Working with old databases means working with truly odd data dumps. One of the strangest I ever got was from a database of more than one million historical art auctions dating back to the seventeenth century. I was sent one text file of almost 10 million lines that looked like this:
--RECORD NUMBER--1
BBF Number 2983
Edit Status Unedited
Lot Sale Date 1827/06/01
Sale Begin Date 1827/06/01
Auct.House Auth. Stanley (G.)
Lot Number 0068
Verbatim Artist Paolo Veronese
Verbatim Artist Carlo Veronese
Verbatim Artist Gabriel Veronese
Verbatim Artist Benito Veronese
Title The Baptism of Christ by St. John.
Verbatim Seller Count Altamira
Transaction Sold
Price 52.10 |c £
Verbatim Buyer Hume
--RECORD NUMBER--2
BBF Number 14756
...
What should be a table with more than a dozen columns (in fact, what should be several relational tables) is instead one hulking, massive blob of text.
Quick, to the Hadleyverse!
library(readr)
library(dplyr)
library(tidyr)
- readr - Reads obstreperously large files very fast.
- dplyr - Insanely easy data table filtering, mutating, grouping, and summarizing.
- tidyr - Got rows that should be columns? Columns that should be rows? tidyr can handle that.
Get the file into R
Loading in this file is easy enough with readr’s read_lines
.
This reads the entire file as a character vector, with one line per slot in the vector.
I’ll wrap this vector inside a dataframe to essentially create a one-column table that we can then manipulate with dplyr and tidyr.

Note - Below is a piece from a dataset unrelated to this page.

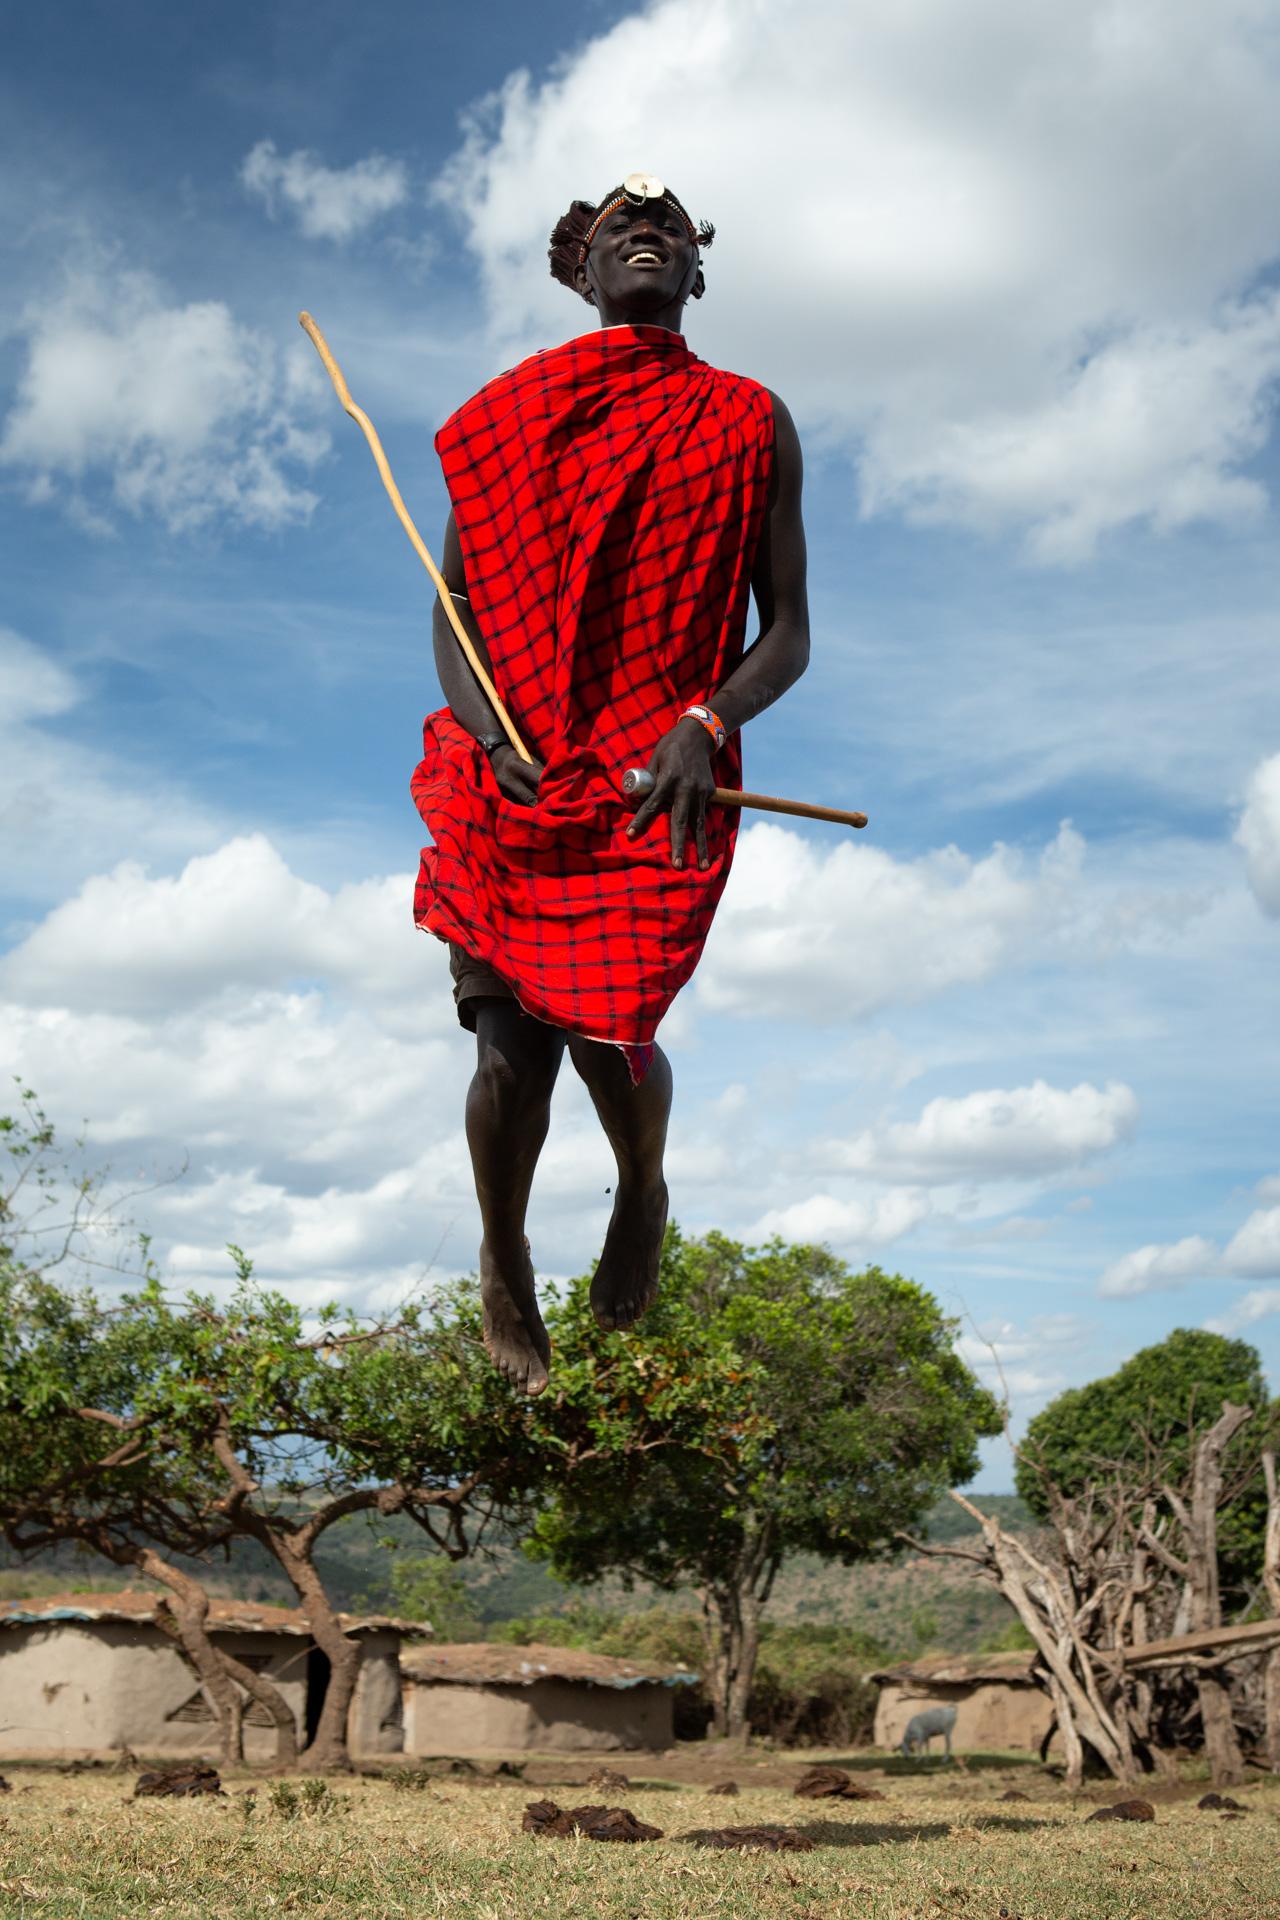 Maasai Jumping

dump <- read_lines("dump.txt")
one_col <- data_frame(text = dump)
Turn it into a table… of sorts
With this file read in, we need to figure out a way to extract the part of each line that describes a variable name from the text in the line that is the value of that variable. Luckily, the file has very consistent formatting: the first 17 characters of each line describe the variable name, while the remainder contain its value.
0000000001111111111222222...
1234567890123456789012345...
================><=======...
--RECORD NUMBER--1
BBF Number 2983
Edit Status Unedited
...
tidyr’s function separate
lets us split this single column into two columns, either by specifying a particular character value to use as a delimiter, or by use of a character position.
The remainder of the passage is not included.